Миссис Хинчер торжествующе рассмеялась. Она протянула руки и нежно взяла ими обеспокоенное лицо мужа.
— Дорогой, не волнуйся, — сказала миссис Хинчер, тихо смеясь, — у нас будет ребенок.
Выходя из спальни помыть руки перед ужином, Хинчер спросил:
— Не хочешь встать, поесть, дорогая?
— Нет, дорогой. Лучше полежу.
Шли недели и месяцы, миссис Хинчер оставалась в постели и лишь изредка вставала, чтобы сходить в ванную, до комода с зеркальцем или туалетного столика, а однажды, когда Софи, домработница, отпросилась к зубному, миссис Хинчер в коричневом халате и домашних тапочках рискнула спуститься и проверить, пришла ли субботняя газета. Но, не считая эти маленькие вылазки, по комнате или из комнаты, около 23 часов в сутки, 165 часов в неделю, 644 часов в месяц, миссис Хинчер проводила под одеялом. В постели она завтракала, обедала и ужинала. В постели она читала и вязала; все свежие газеты и журналы, клубки шерстяных ниток и спицы всех размеров — всё было в ее распоряжении. На прикроватной тумбе лежал серебряный колокольчик. Два звонка — и Софи, домработница, тотчас же вытирала руки, или выключала пылесос, или тушила сигарету, и буквально вбегала к ней в спальню. Софи получила особые распоряжения от мистера Хинчера, когда тот увеличил ей жалованье.
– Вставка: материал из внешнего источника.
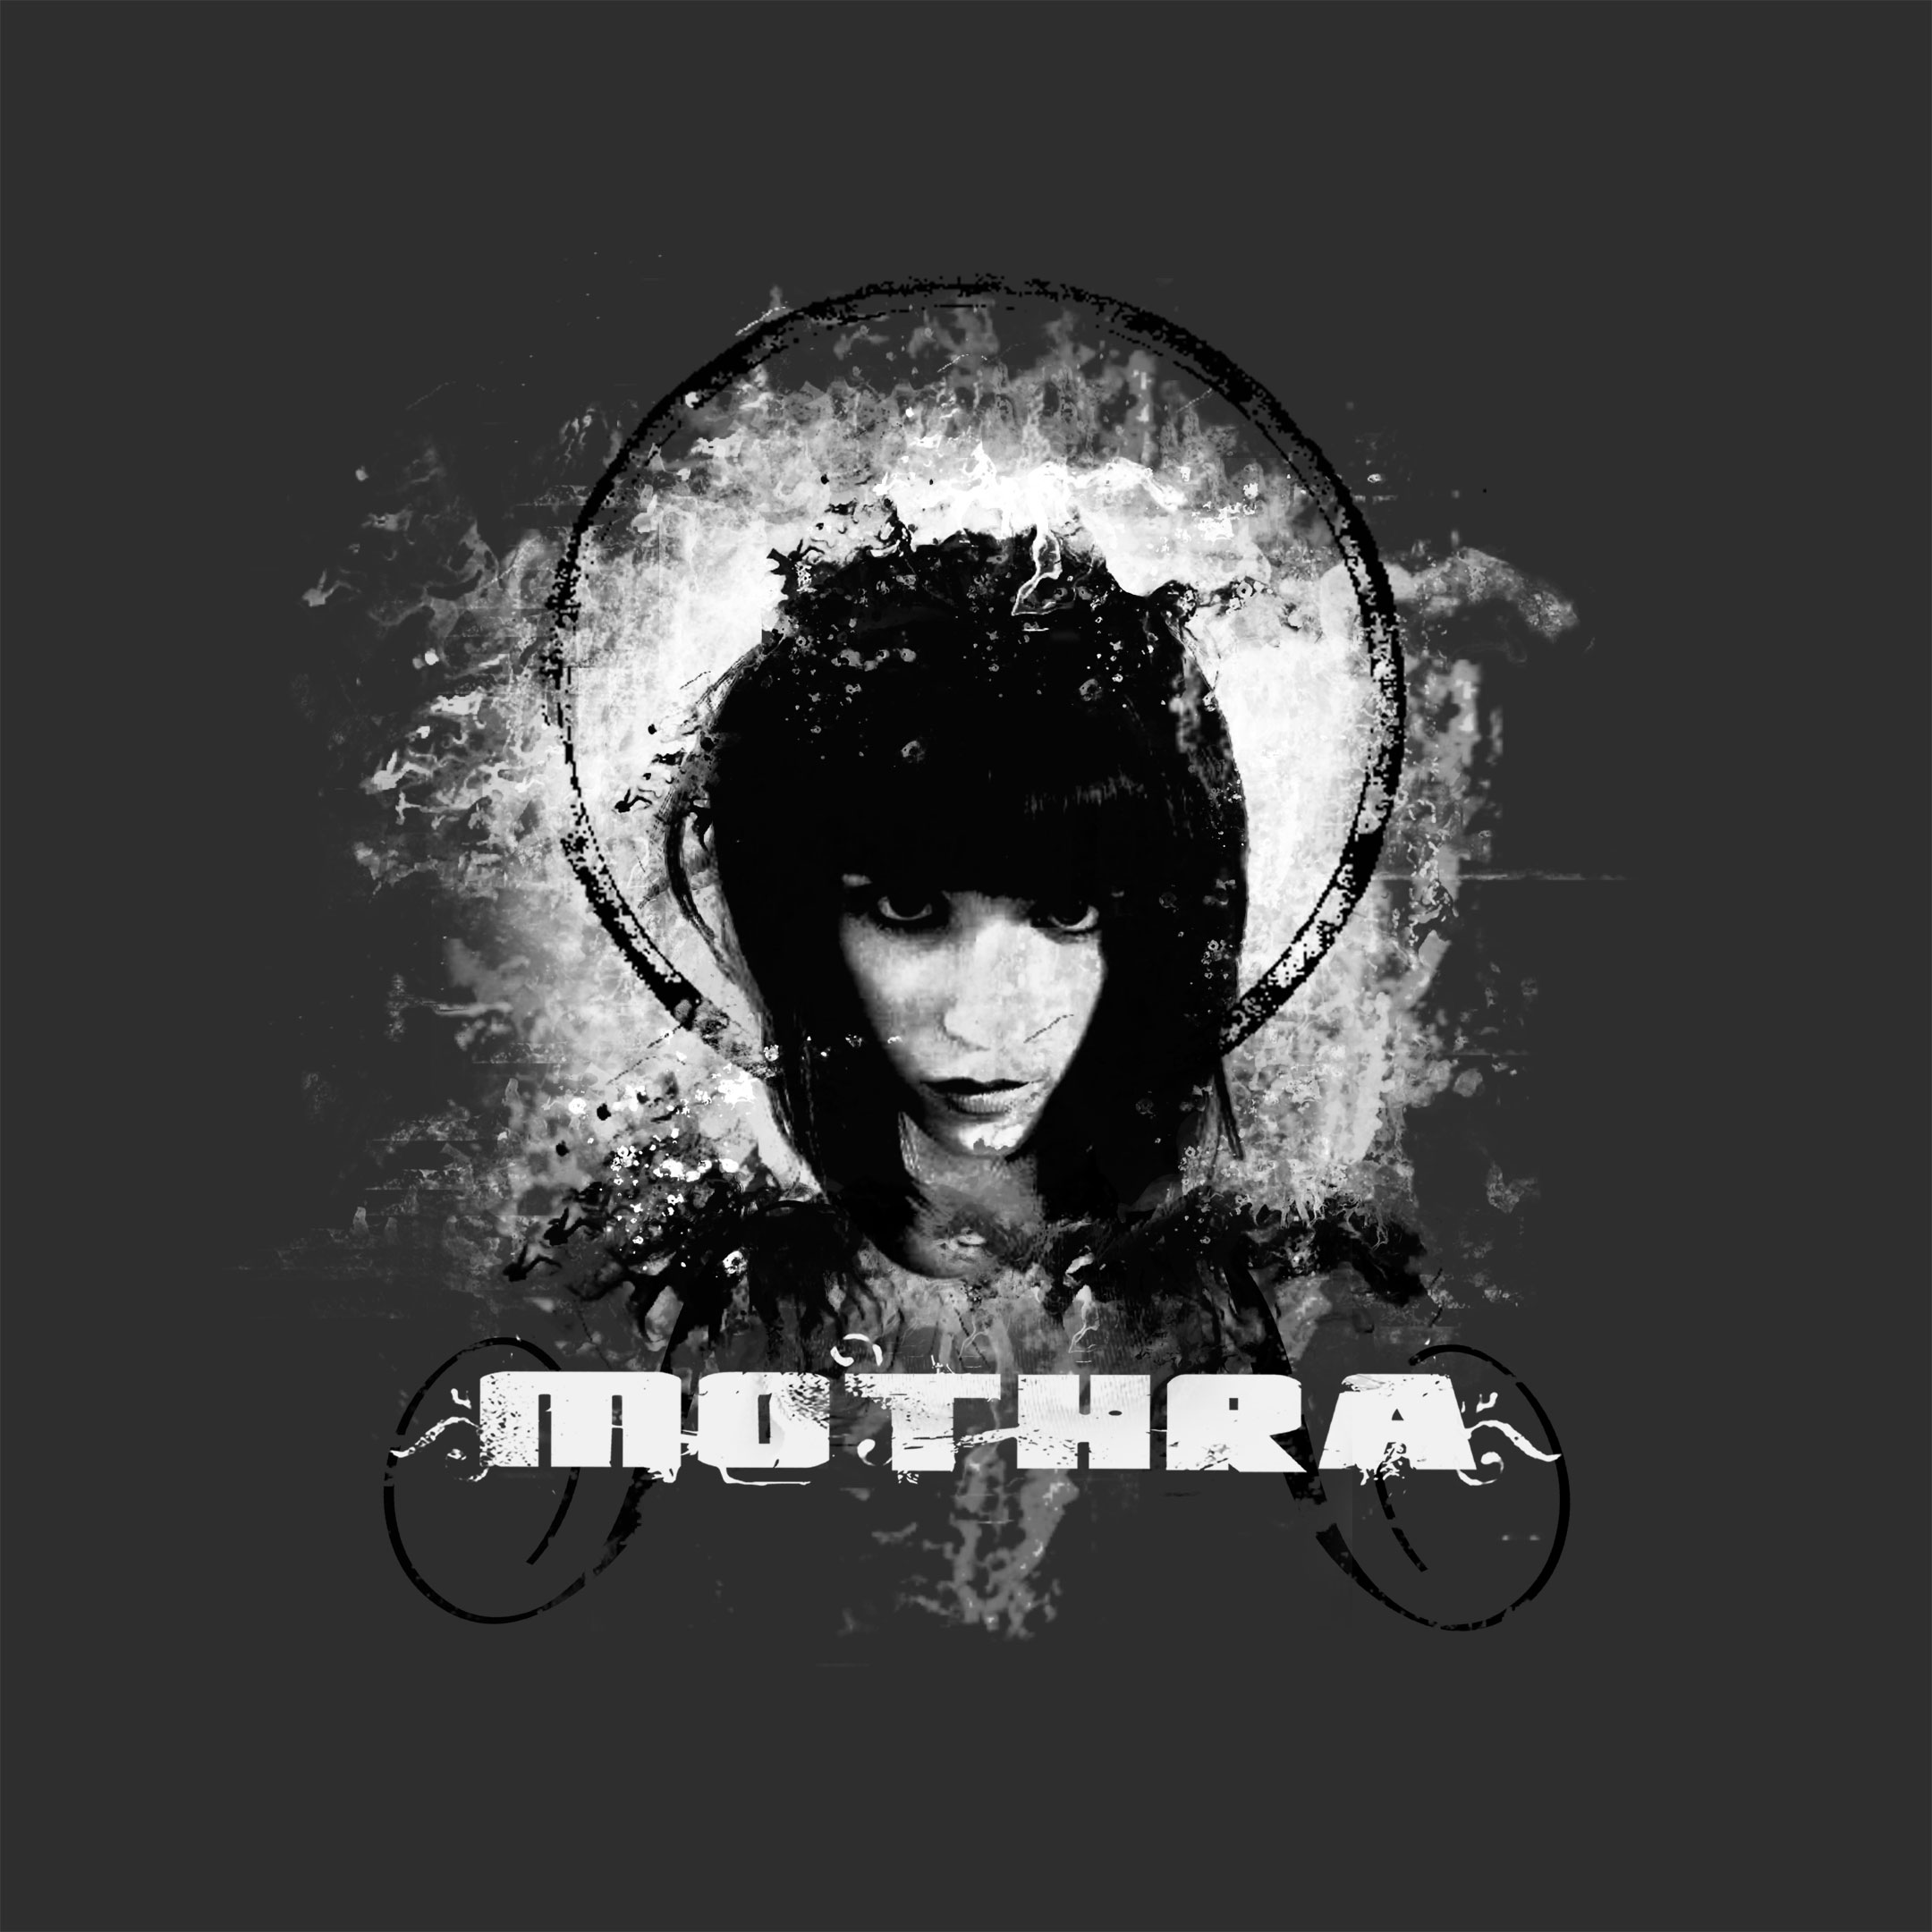 mothra shirt

— Дорогой, можешь подойти на минуту?
Хинчер вернулся в спальню жены.
— Дорогой, у меня к тебе странная просьба. Ты наверное подумаешь, я совсем свихнулась.
— О чем же, девочка моя? — с улыбкой спросил Хинчер.
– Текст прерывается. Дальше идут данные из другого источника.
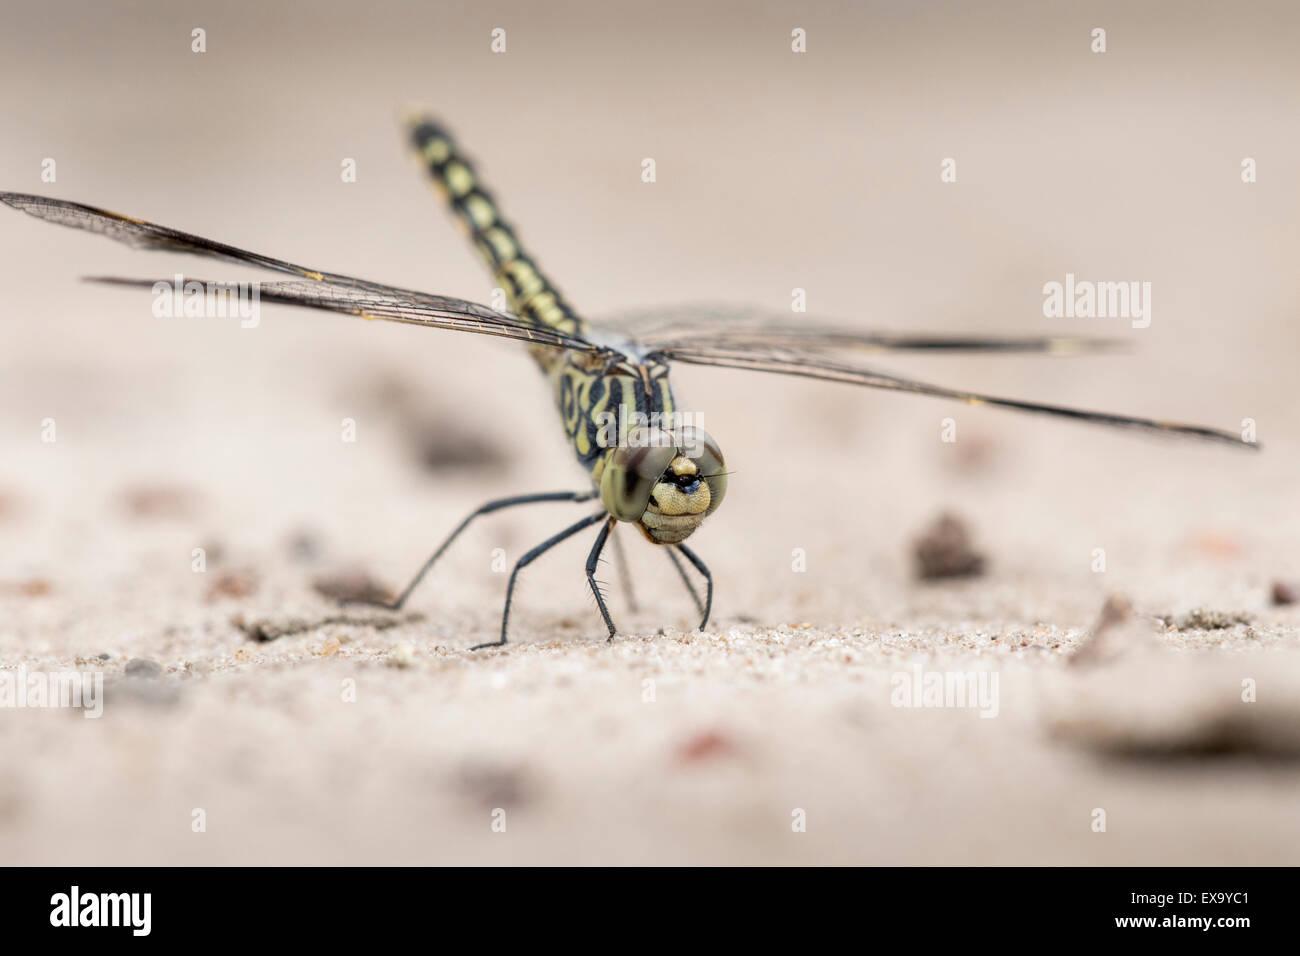 Africa, Botswana, Chobe National Park, Macro view of dragonfly in sand along Chobe River Stock Photo

— Я хочу остаться в кровати, милый. Я не хочу вставать до рождения ребенка.
— Девять месяцев? — спросил он с недоверием.
— Да. Я так хочу. Ты злишься на меня? Злишься. Я вижу. У тебя на лице написано, — миссис Хинчер улыбнулась, поджала губы и кивнула сама себе.
— Нет, — возразил ее муж. — Я не злюсь. Но почему? Зачем тебе все время лежать?
Мистер Хинчер ждал.
— Ты будешь смеяться, — мягко упрекнула его миссис Хинчер.
— Не буду.
— Нет, будешь.
— Дорогая, — начал Хинчер, снова присев на край кровати. — Что ты такое говоришь?
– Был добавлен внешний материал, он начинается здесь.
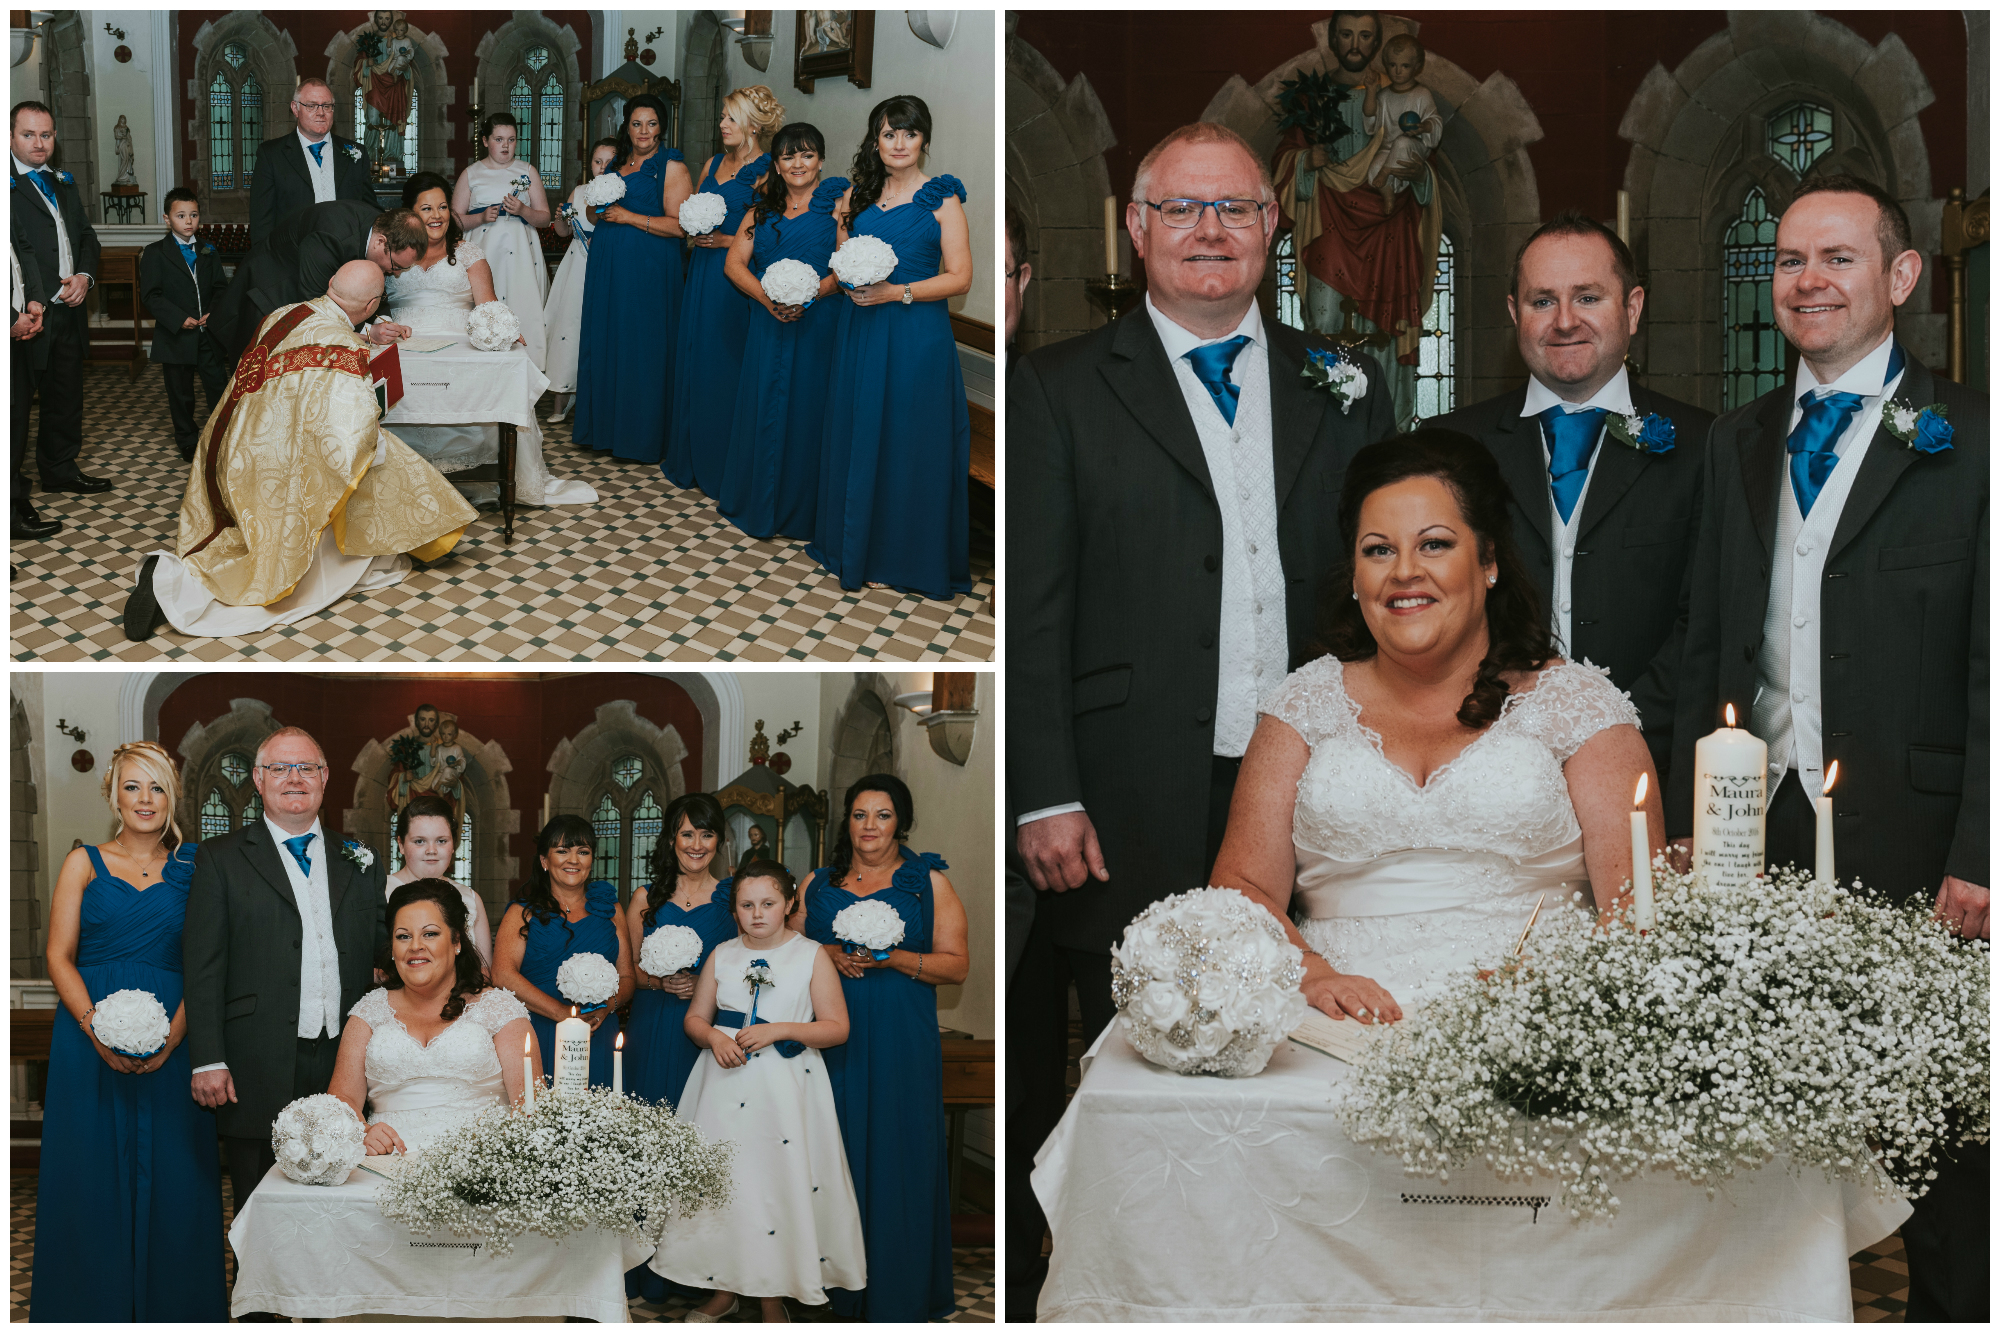 St. Pauls belfast wedding photographer pure photo n.i signing

Миссис Хинчер крепко сжала руку мужа, будто пытаясь набраться силы для своих слов. Она говорила медленно. Голос был смелым и спокойным, но все же Хинчер почувствовал в нем едва заметную нотку страха.
— Я так отчаянно хочу, чтобы ребенок родился здоровым, дорогой. Я боюсь упасть. Боюсь всего, — миссис Хинчер остановилась, резко сжала руку мужа, словно ее воображение посетил отчетливый кошмар. Она продолжила. — Машины, грузовики, все остальное. Я так боюсь. Если я останусь в постели, смогу больше думать о тебе и о нем.
Такое обращение к будущему ребенку смягчило сердце Хинчера, он отступил. Голос его был чрезвычайно робким, впрочем, не без приказных ноток:
— Ты останешься в постели. Останешься столько, сколько посчитаешь нужным.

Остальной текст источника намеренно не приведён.